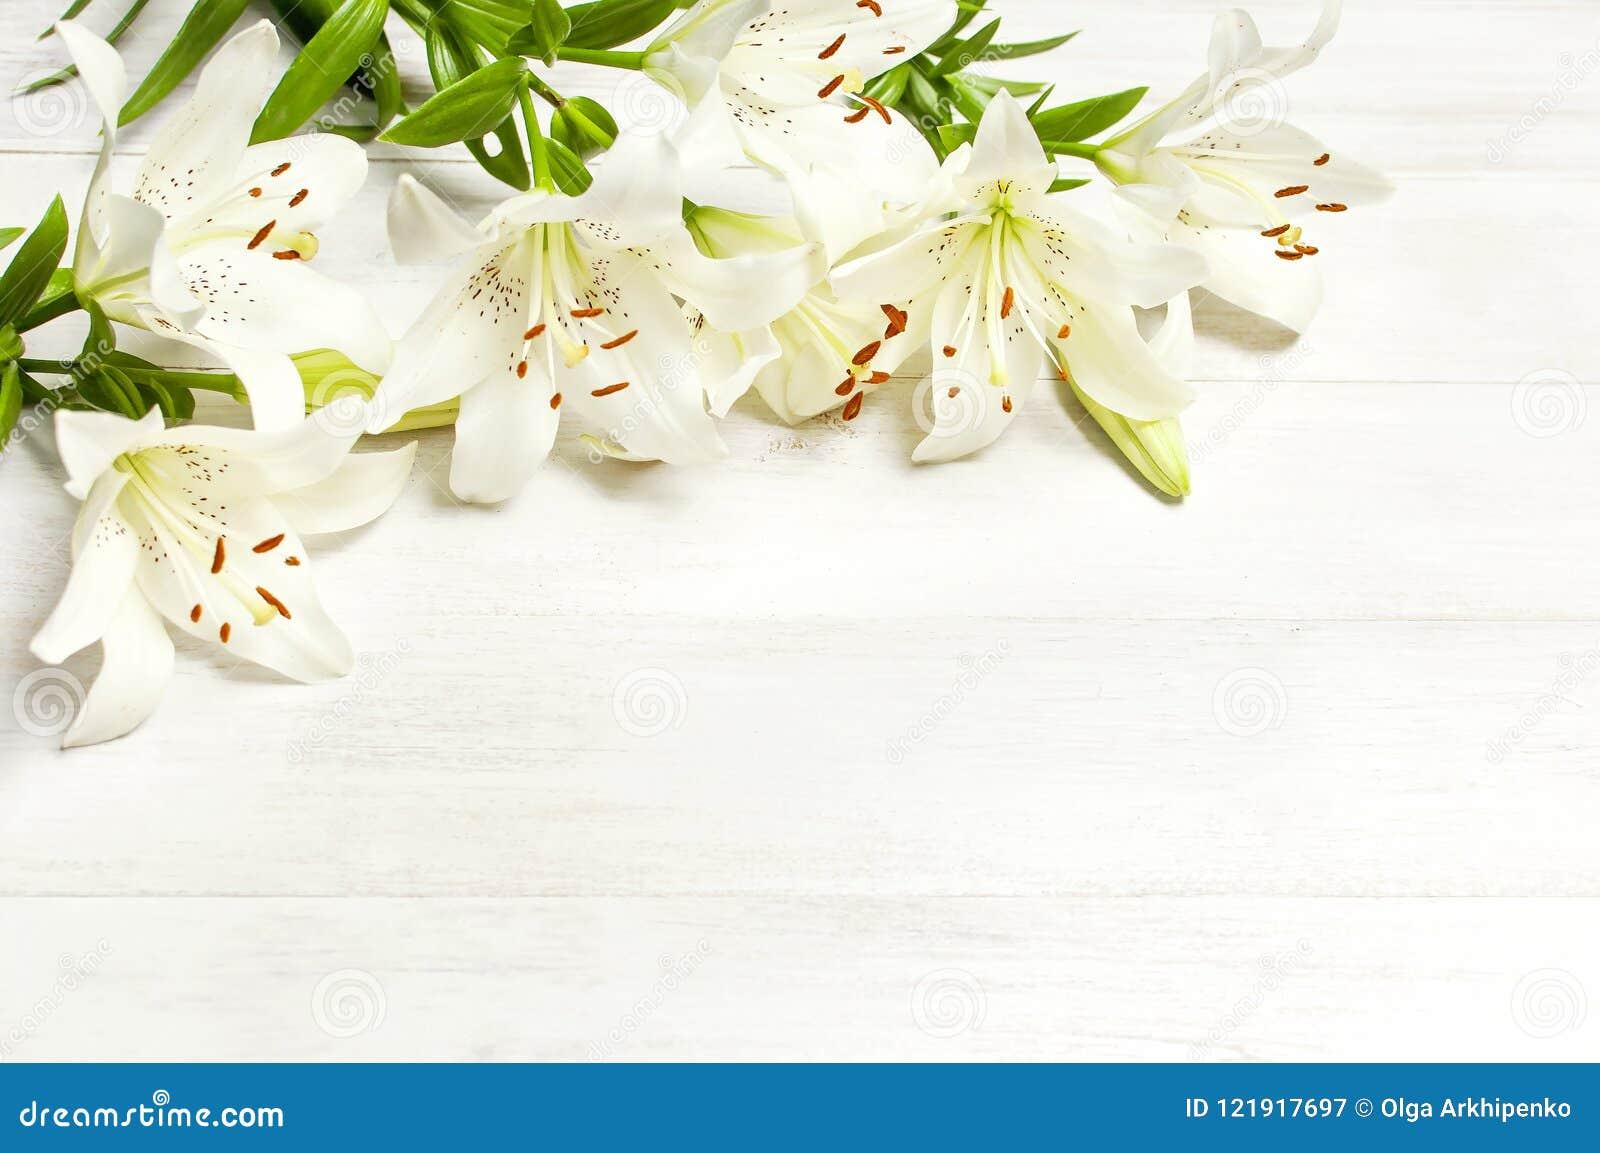 Frame of white lilies on a white wooden background top view flowers frame of white lilies on a white wooden background top view flowers lily beautiful bouquet izmirmasajfo
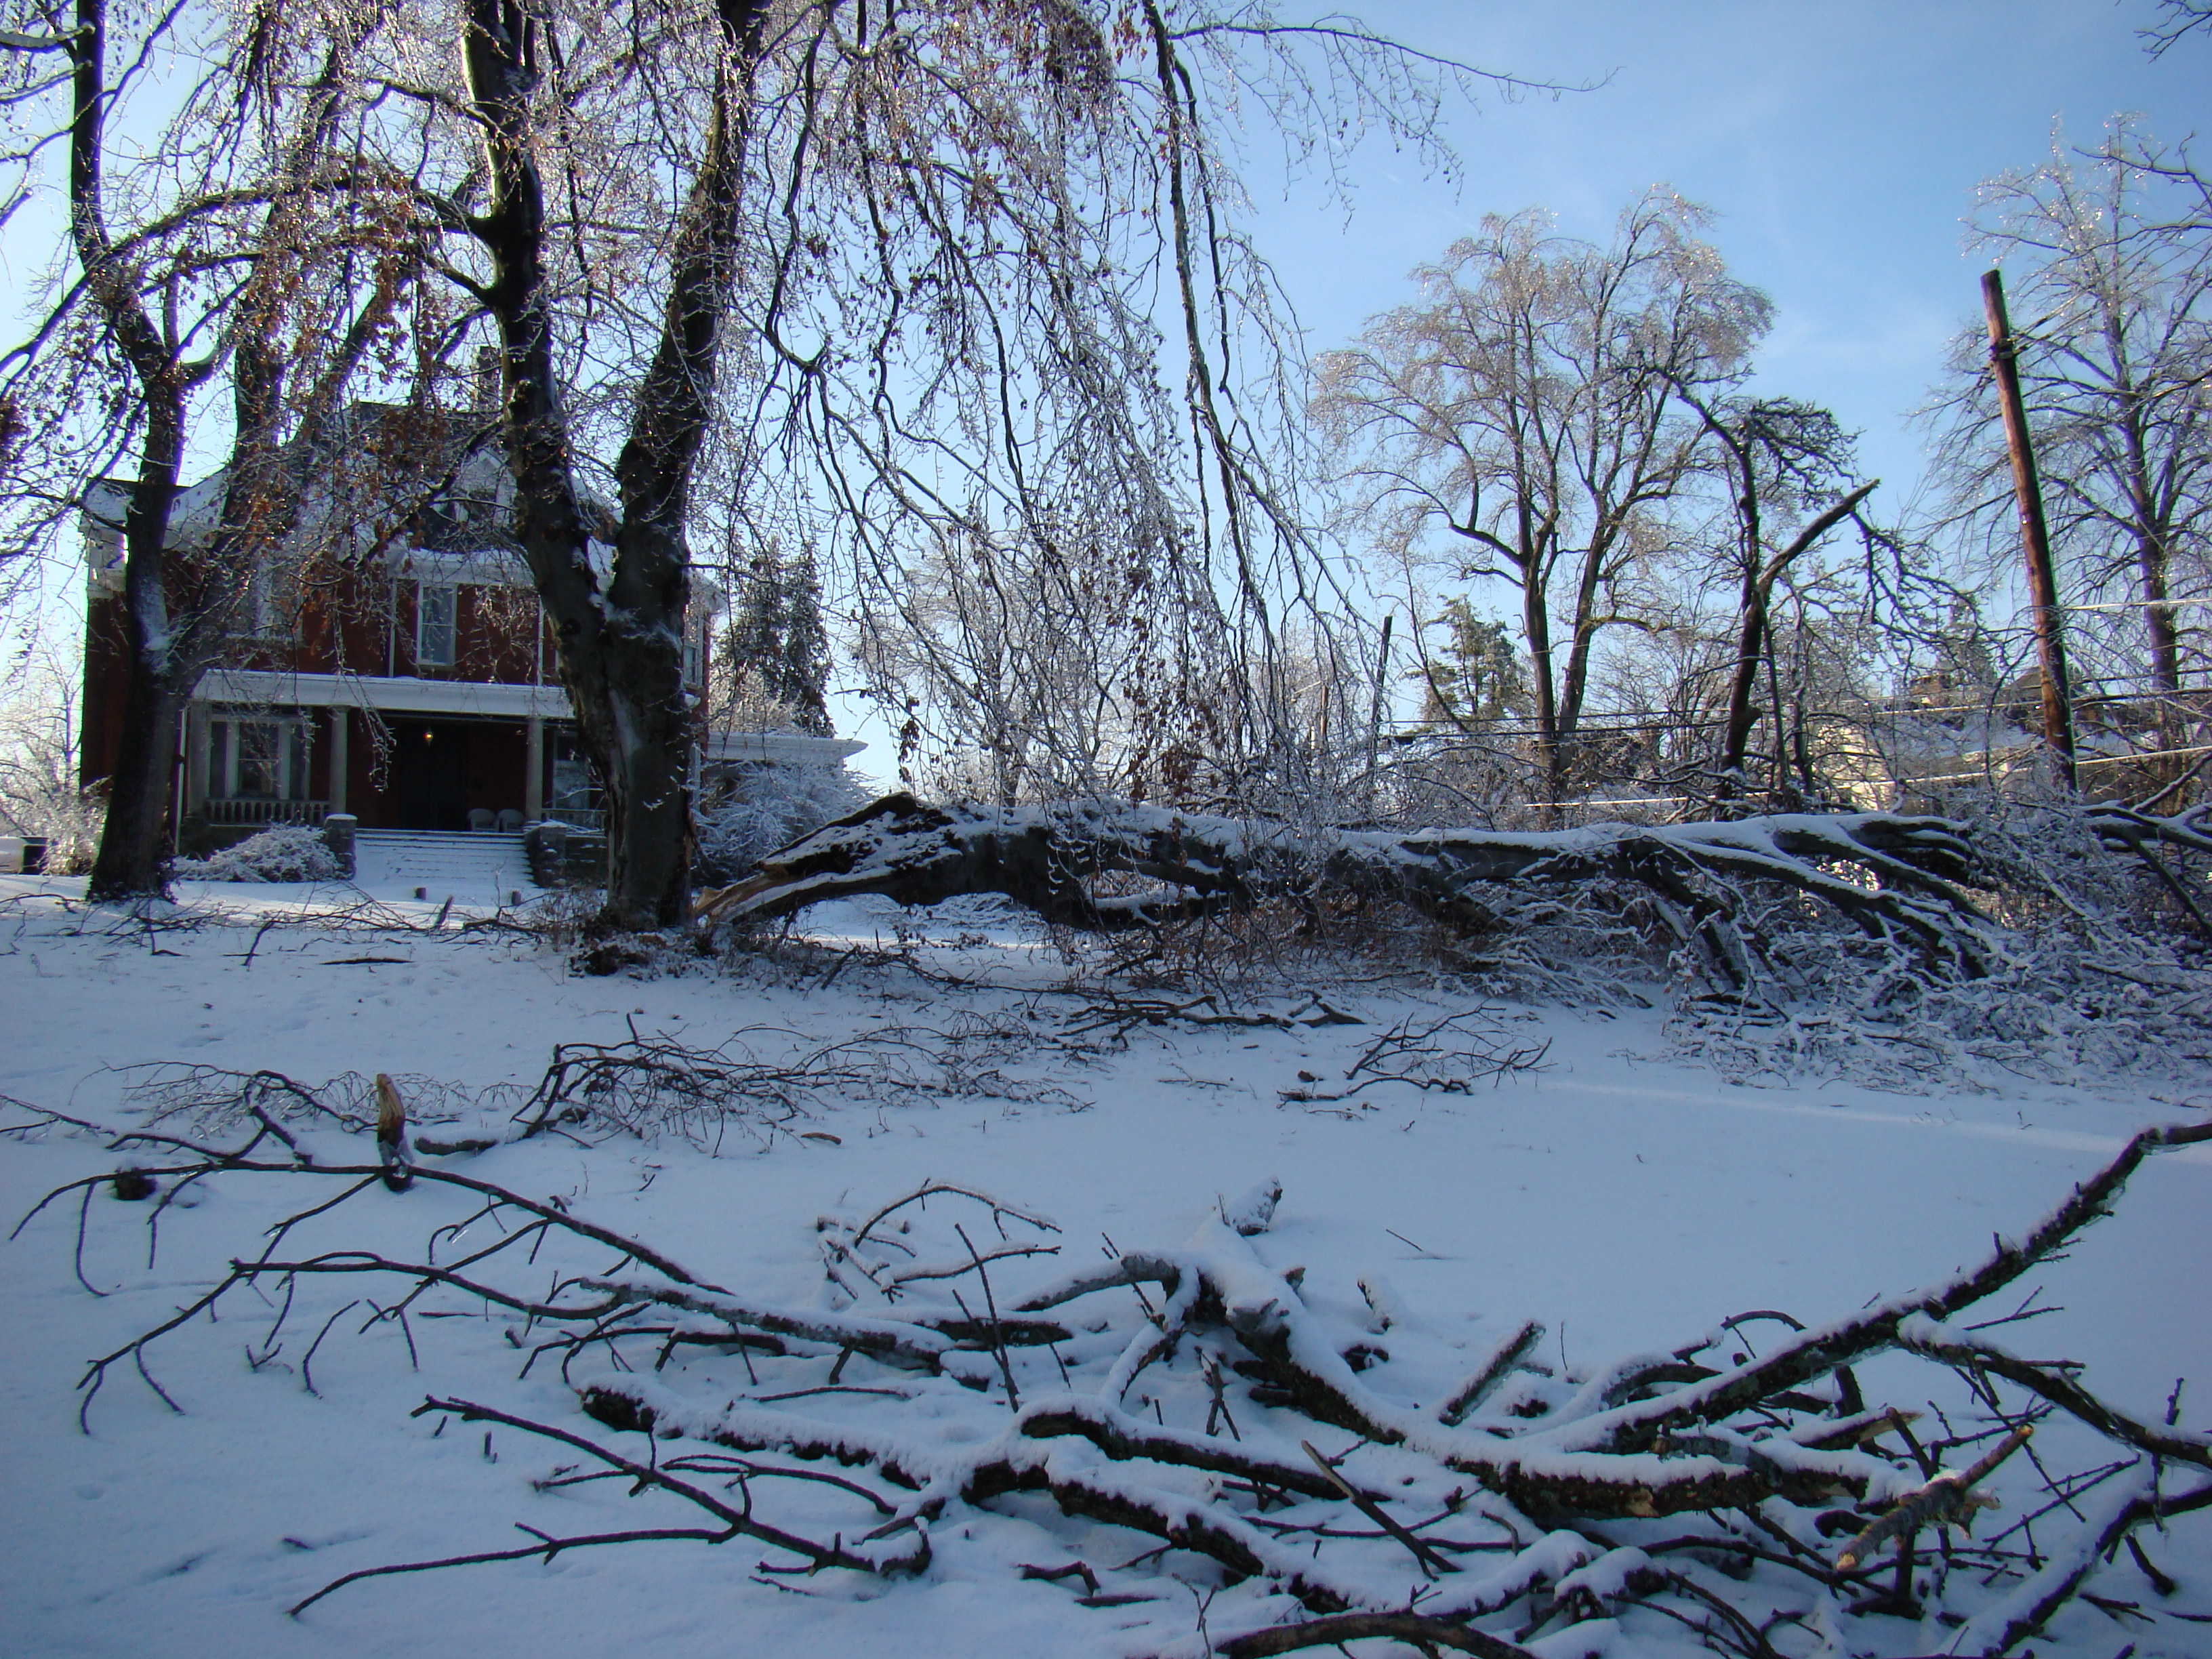 File:2009 winter storm damage; South Broadway Street ...
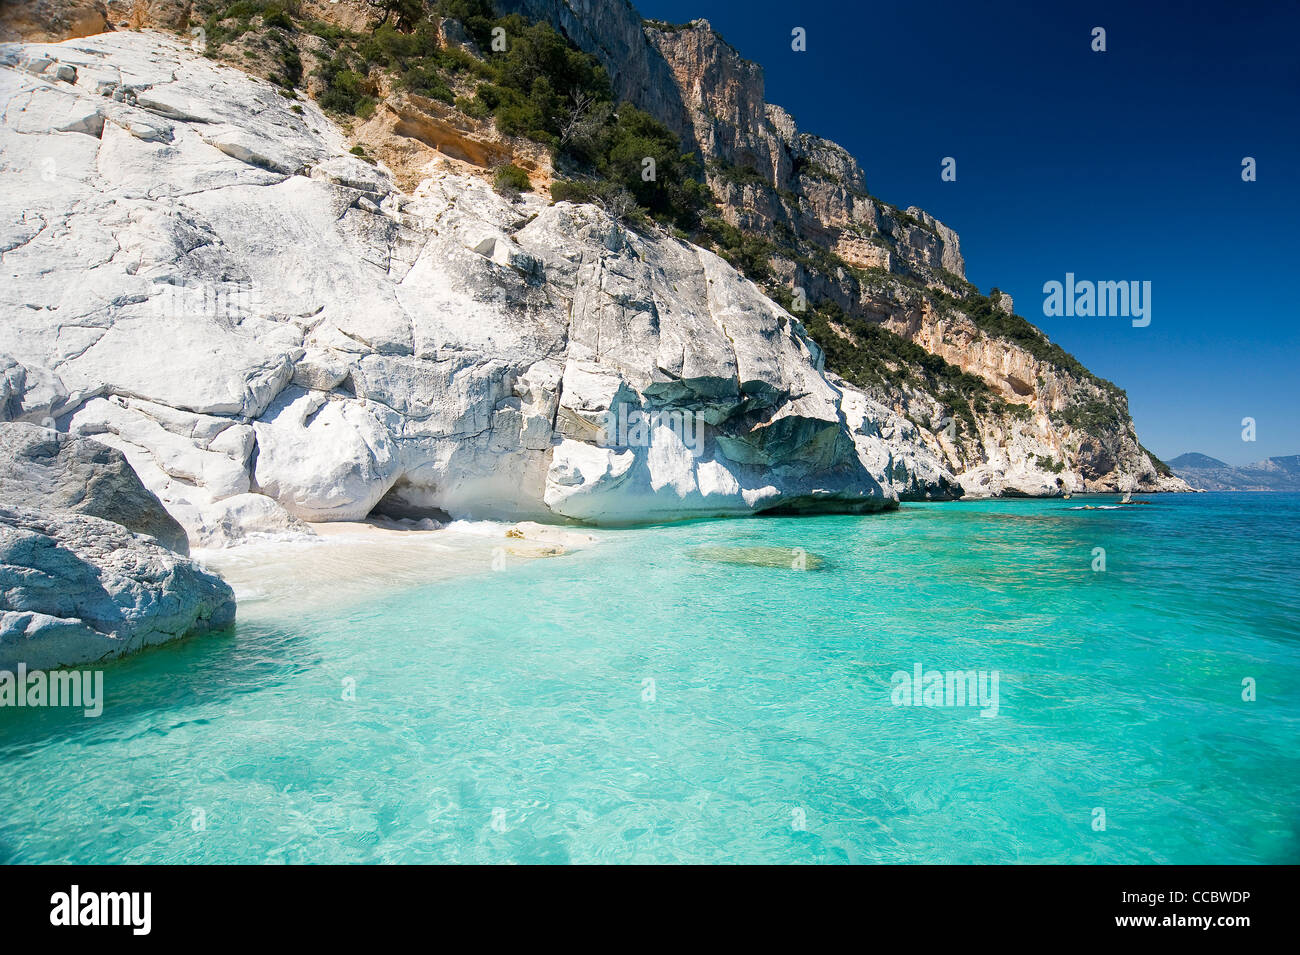 Orosei Italy  city photo : ... , Baunei, Provincia Ogliastra, Golfo di Orosei, Sardinia, Italy

##########

= Problem details =
Copy exactly, and copy nothing else: the lines from the one containing "File:2009 winter storm" through the end of the data, both ends included, with pictures left out.

= Result of the task =
 File:2009 winter storm damage; South Broadway Street ...
 Orosei Italy  city photo : ... , Baunei, Provincia Ogliastra, Golfo di Orosei, Sardinia, Italy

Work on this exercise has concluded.